Suheil Muasher, MD, & Kelly Acharya, MD, Lead Authors of IVF Study in Fertility & Sterility

The world’s first baby born via in-vitro fertilization turned 40 years old this summer. Still, after four decades, IVF is a relatively new field with ongoing debate on how to get the best results for families who have placed their hopes -- and often their personal savings -- into fertility treatment.

IVF experts disagree about whether transferring a fresh or frozen embryo to a patient’s womb offers the best opportunity for healthy babies. According to a study of almost 83,000 IVF patients published August 20 in the journal Fertility and Sterility, there is no one-size-fits-all solution. The best technique may vary, depending on how many eggs the patient produces.

For a fresh transfer, patients take hormones for several weeks to stimulate egg production.
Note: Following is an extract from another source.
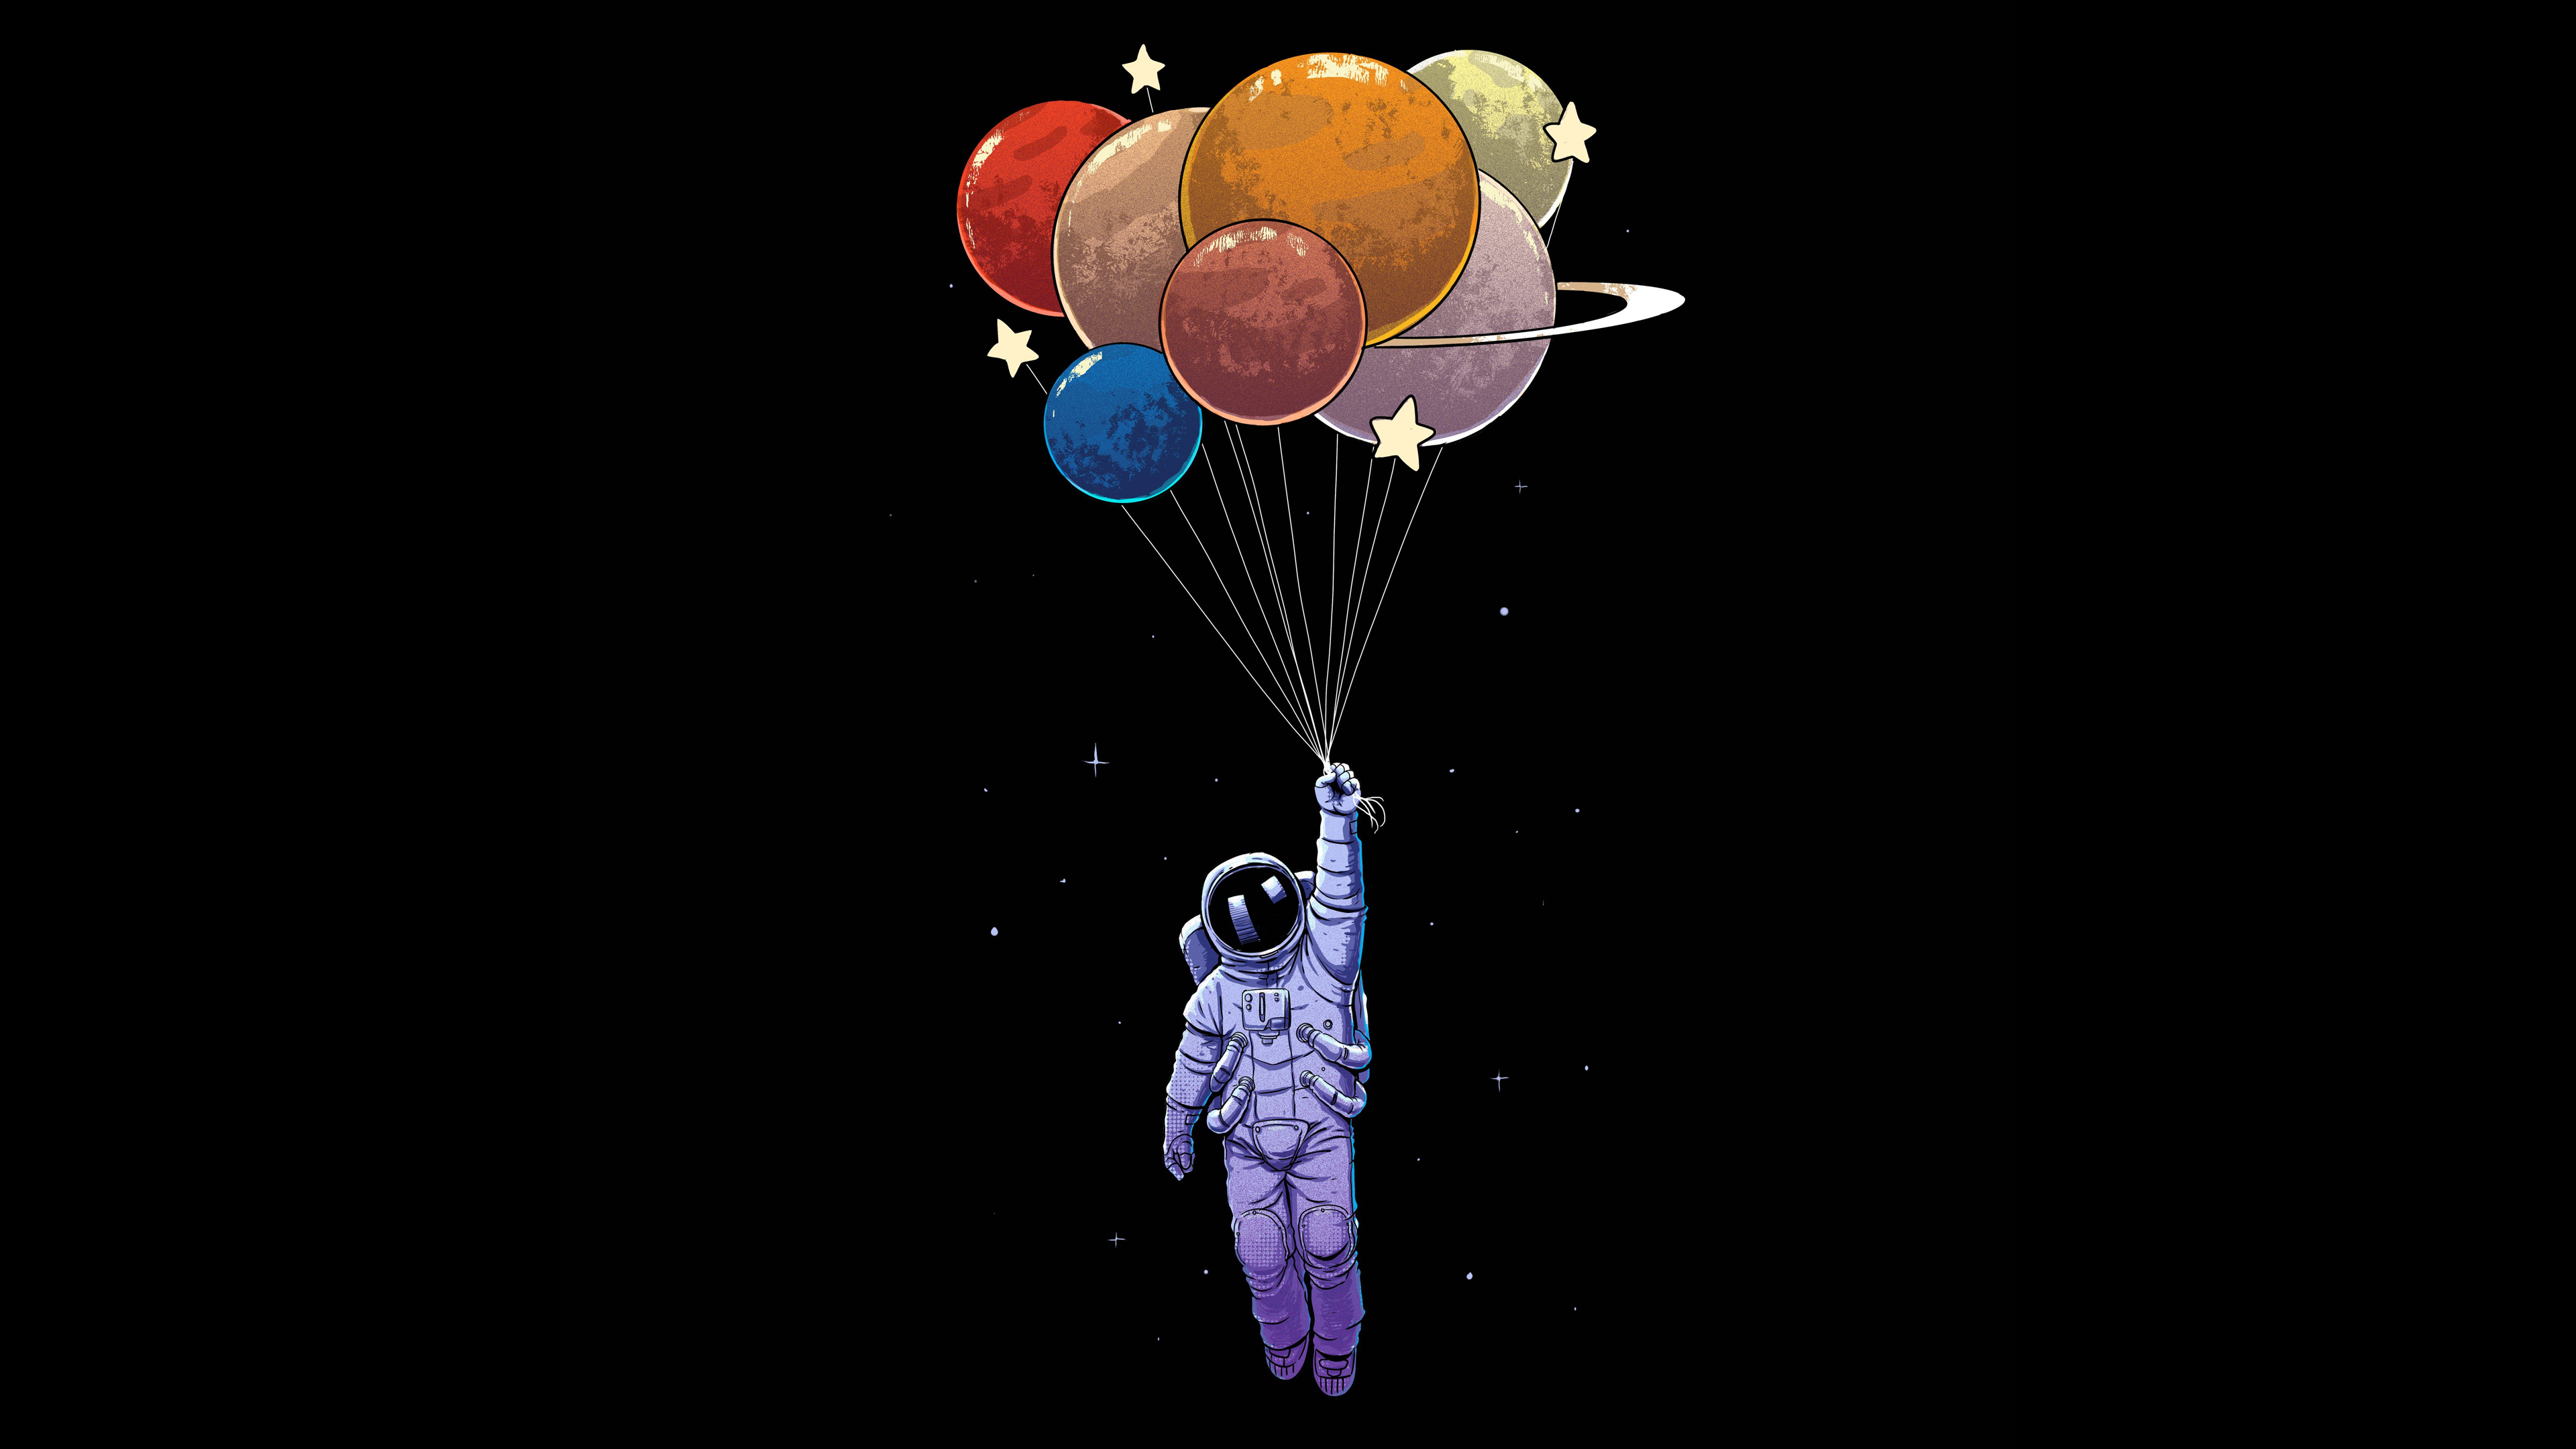 Astronaut Balloon Colorful Planet Spacesuit 3840x2160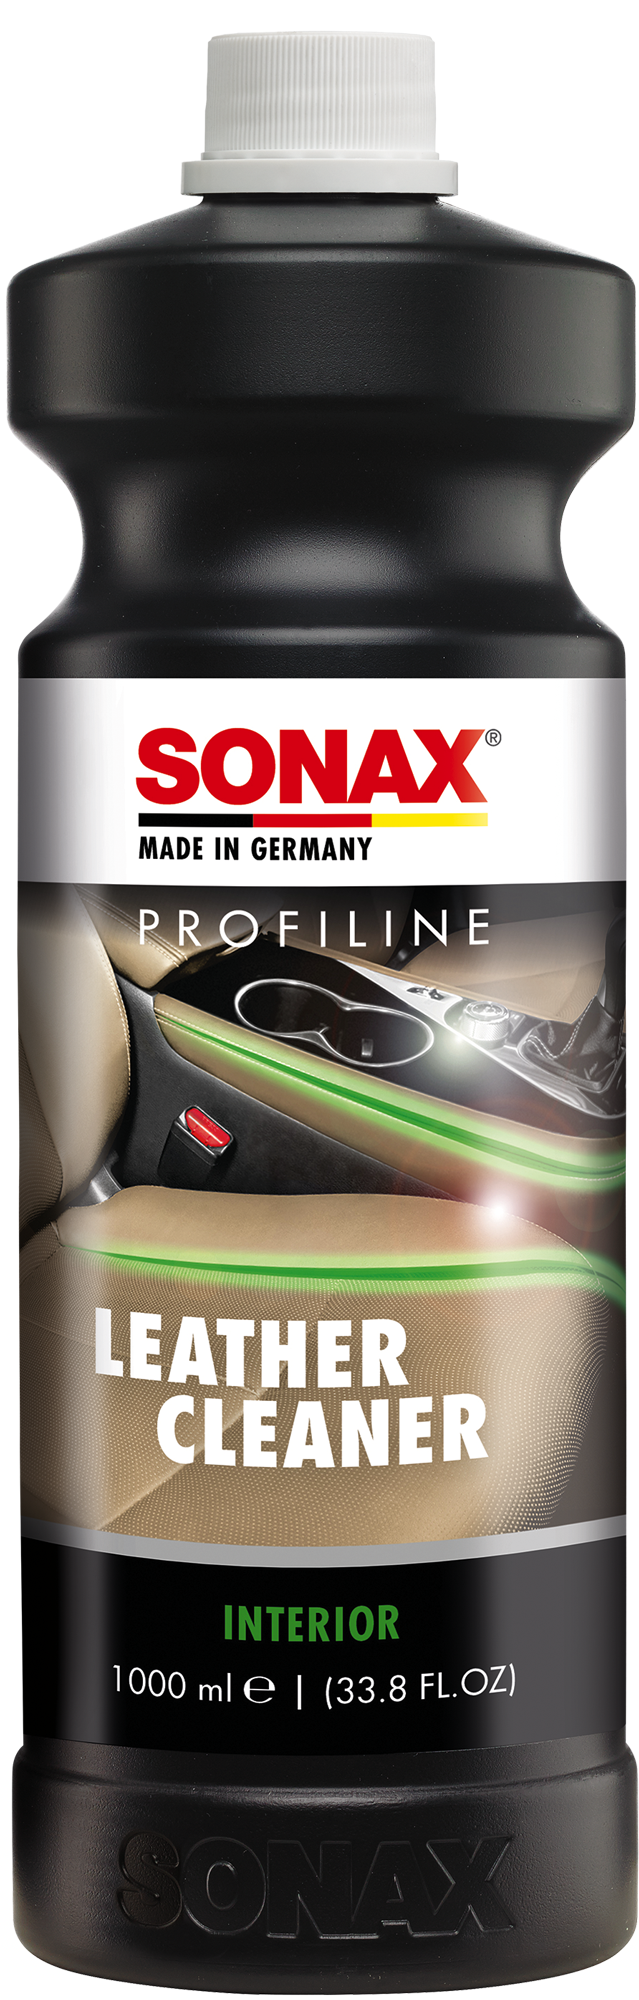 SONAX PROFILINE LeatherCleaner 1l - Weigola Hygienevertrieb -  - Weigola Hygienevertrieb

Doctors retrieve the eggs, fertilize them and place one or more embryos in the mother during the same procedure. But many clinics now universally recommend freezing all embryos and waiting a few weeks for the patient to enter a new menstrual cycle.

“In the past five years, some clinics have advocated for freezing everything with the belief that the process that stimulated the eggs makes the lining of the uterus less welcoming for pregnancy,” said Suheil Muasher, M.D., a reproductive endocrinology and infertility specialist at Duke and senior author of the paper. Some research has also indicated frozen embryo transfers are less likely to result in preterm labor and underweight babies, he said.